Easy Chicken and Vegetable Casserole

It’s certainly worth trying this recipe – it’ a good one to have on hand for busy days, simple to make and delicious to taste.

Easy Chicken and Vegetable Casserole

3 skinless chicken breasts (about 750g) – cut into 2.5cm cubes

1 onion, diced

1 medium carrot, cut into 1cm pieces

2 sticks celery, sliced

1 medium  to large potato, peeled and cut into 1cm pieces

Large handful green beans, cut into 2cm pieces

½ to ¾ cup cherry or currant tomatoes

2 teaspoons ground coriander

3 teaspoons ground cumin

1 teaspoon sweet paprika

165ml tin  coconut milk

½ cup water

1 tablespoon tomato sauce

3 teaspoons tomato relish or chutney

3 teaspoons sweet chilli sauce (or ½ to 1 teaspoon dried chilli flakes or 1 long red chilli, finely diced)

1 teaspoon apricot jam or quince or crabapple jelly

1 teaspoon chicken or vegetable stock powder

3 teaspoons cornflour mixed to a paste with 1 ½ tablespoons cold water, optional

Place all ingredients, except cornflour paste in slow cooker, and cook for 3 hours on high (or 5 to 6 hours or low) until chicken and vegetables are cooked.  Remove lid and stir in some or all of the cornflour paste until thickened if necessary (make sure cooker is on High setting when you do this).

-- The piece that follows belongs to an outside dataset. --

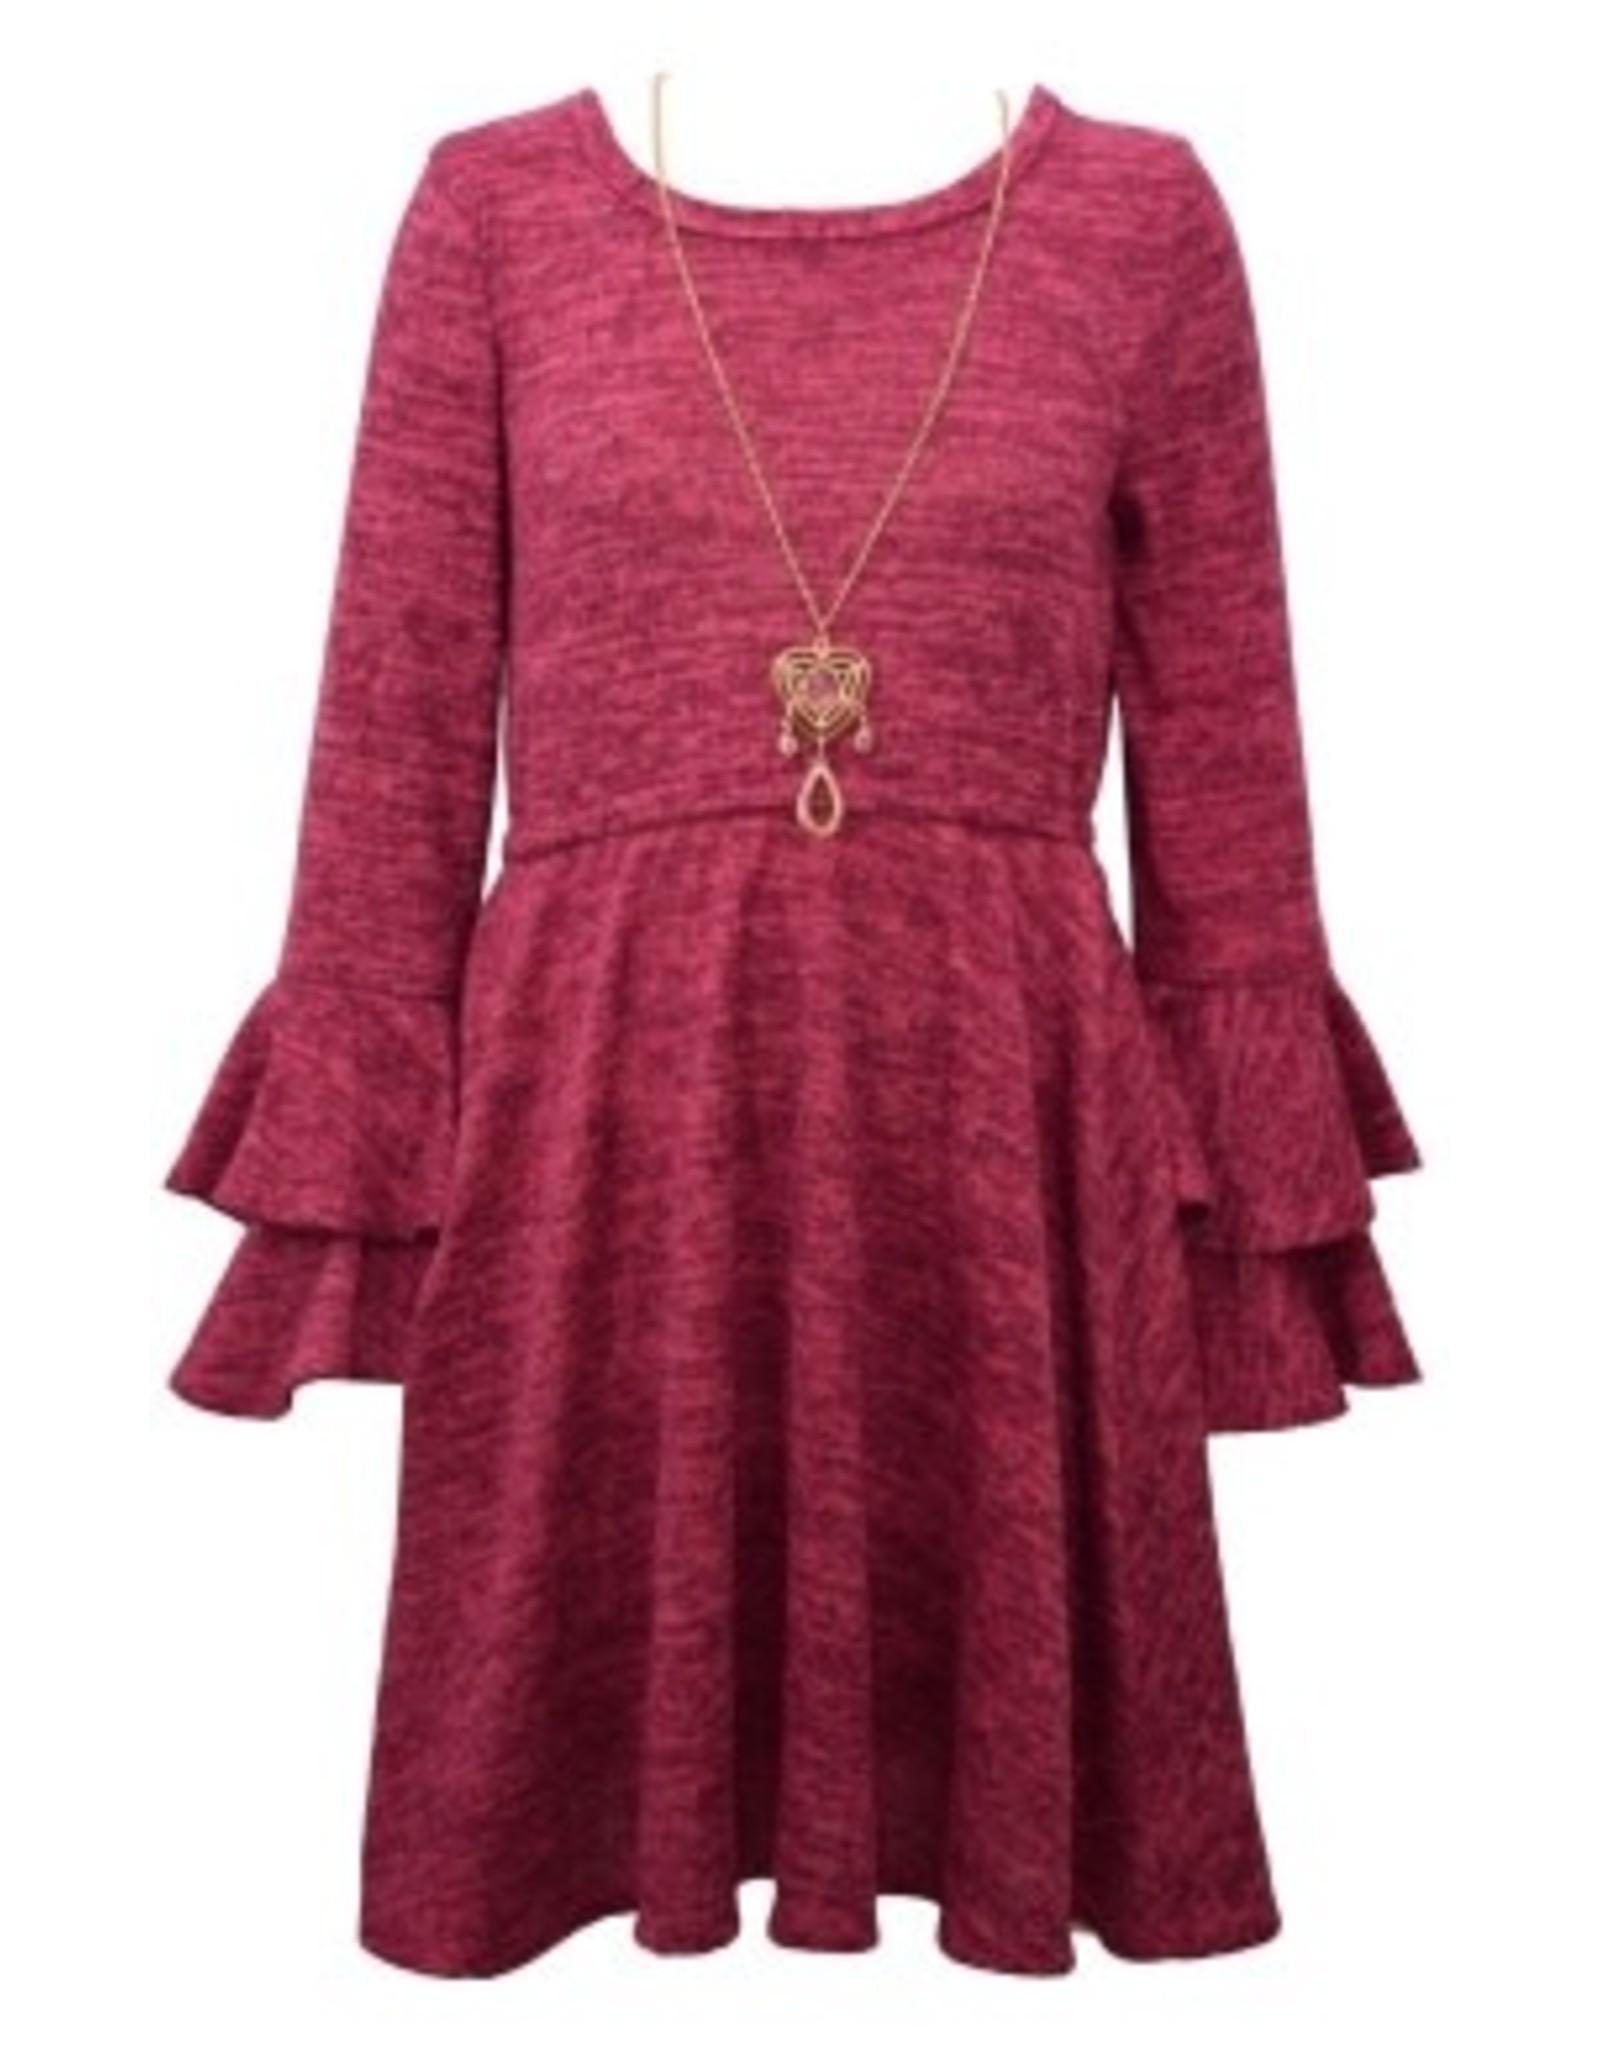 Bonnie  Jean Bonnie Jean- Double Bell Knit Fuschia Dress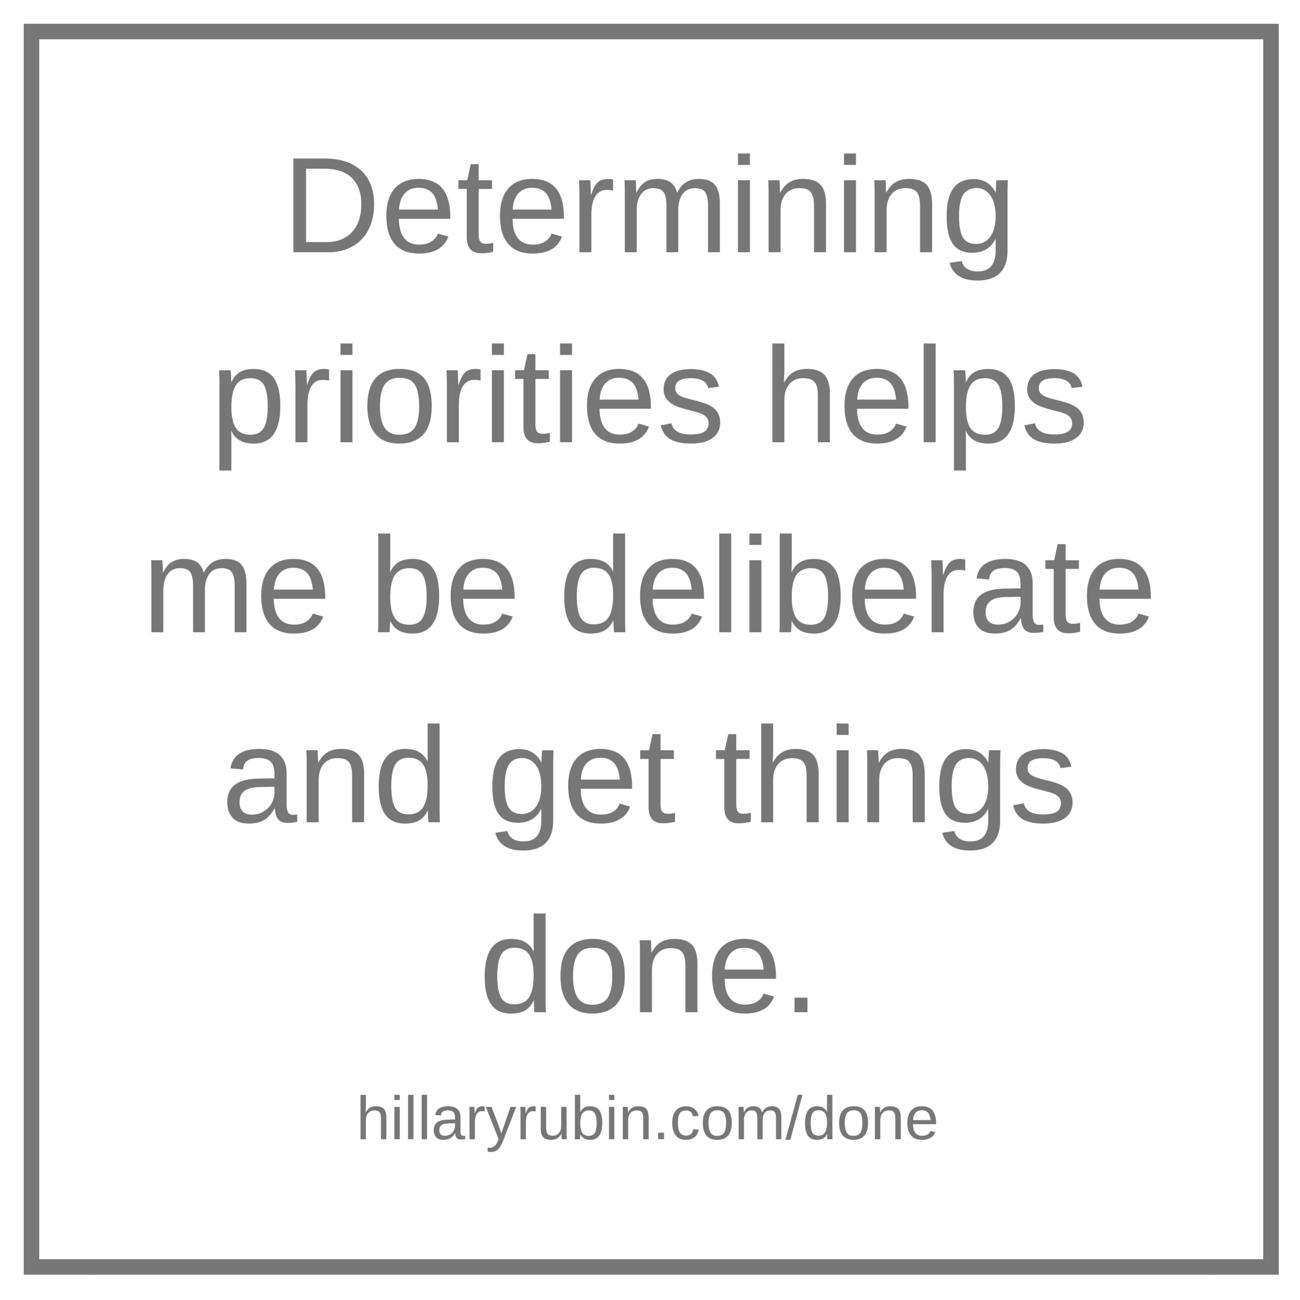 Hillary Rubin - get things done

In the recipe I have listed currant tomatoes.  I’ve grown these this year and they are amazing.  I purchased the plants from the Botanical Gardens in Hobart and they are prolific bearers.  The tiny yellow tomatoes are little flavour bursts.  Anyway, if you don’t have them you can use cherry tomatoes instead, or even just diced tomatoes.